» Available records:
..........

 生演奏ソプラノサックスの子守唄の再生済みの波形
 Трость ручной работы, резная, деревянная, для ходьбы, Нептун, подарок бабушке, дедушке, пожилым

..........

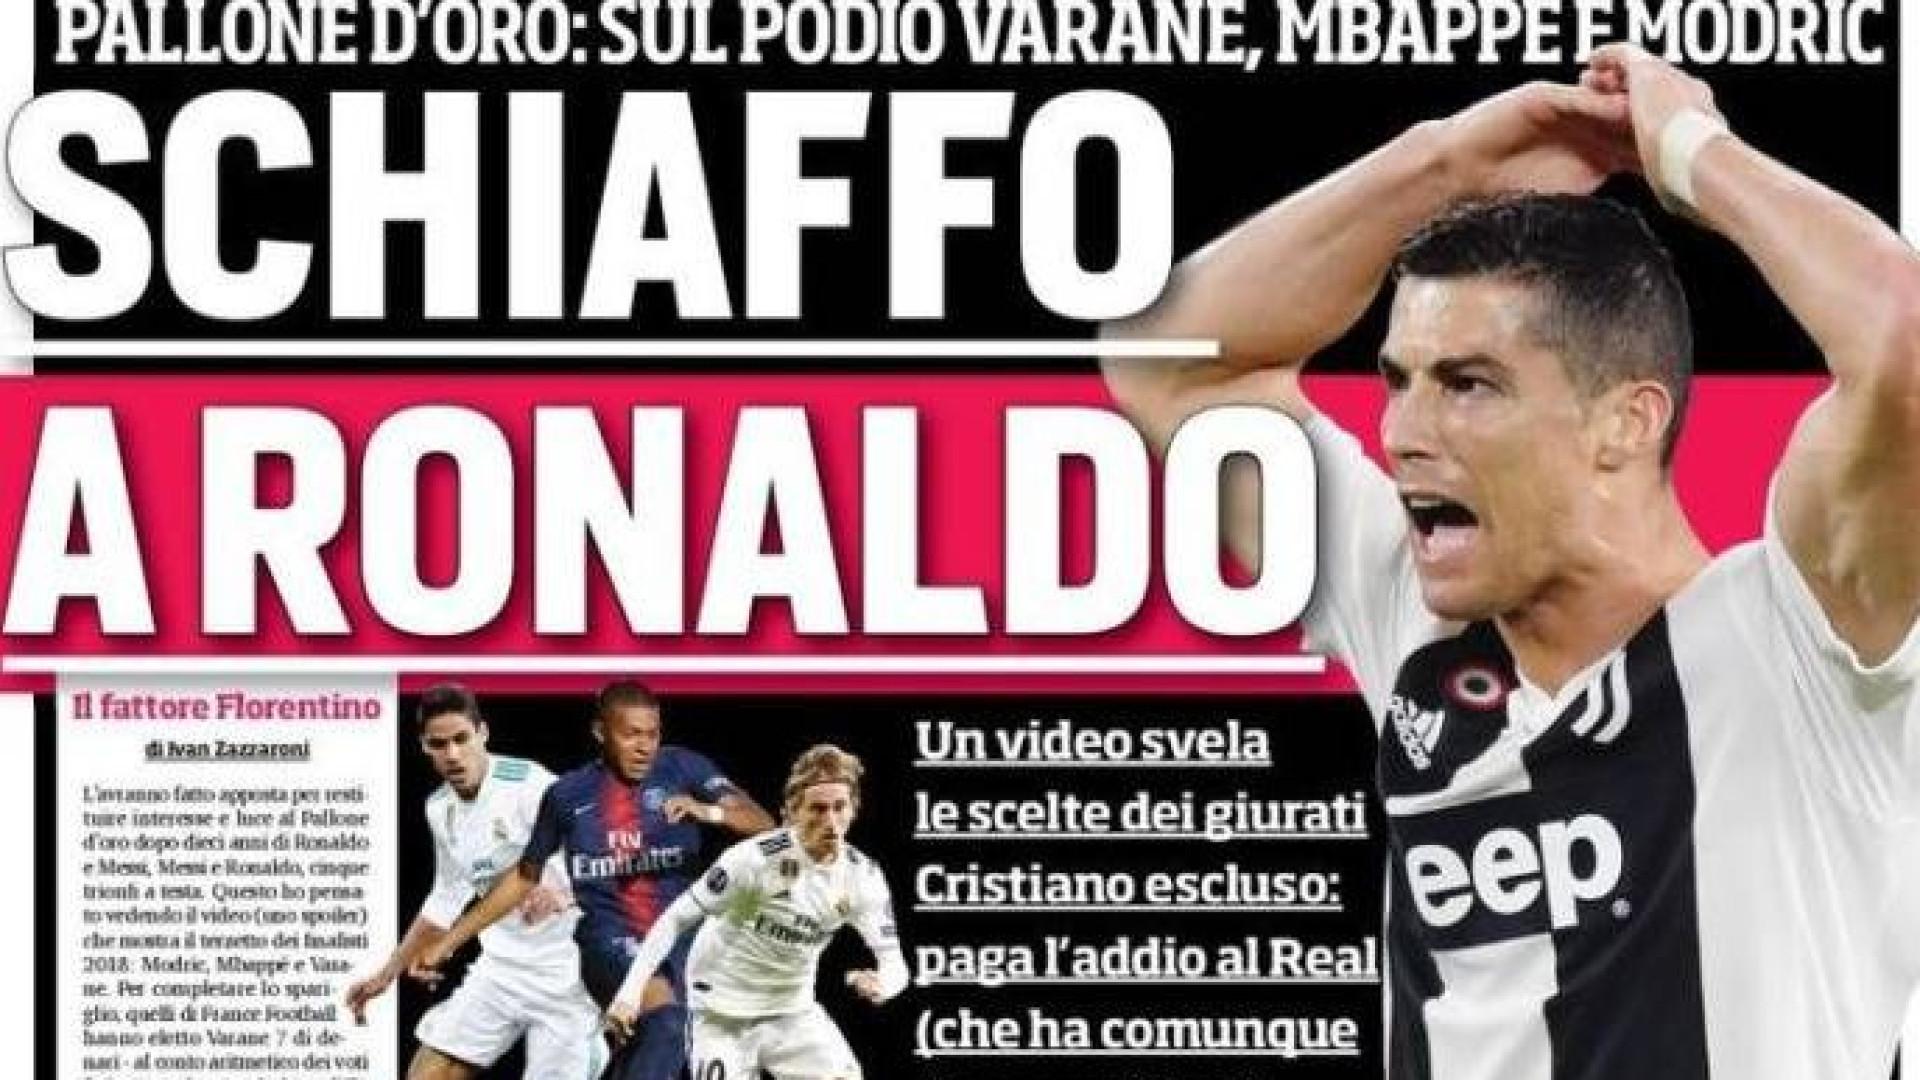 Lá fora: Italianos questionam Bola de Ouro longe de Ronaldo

..........

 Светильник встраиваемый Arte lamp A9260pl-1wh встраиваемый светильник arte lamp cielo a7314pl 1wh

..........

» Task statement: From the data above, output exactly the lines between the one containing "生演奏ソプラノサックスの子守唄の再生済みの波形" and the one containing "Трость ручной работы, резная, деревянная, для", counting both of them.

» Exercise result:
 生演奏ソプラノサックスの子守唄の再生済みの波形
 Трость ручной работы, резная, деревянная, для ходьбы, Нептун, подарок бабушке, дедушке, пожилым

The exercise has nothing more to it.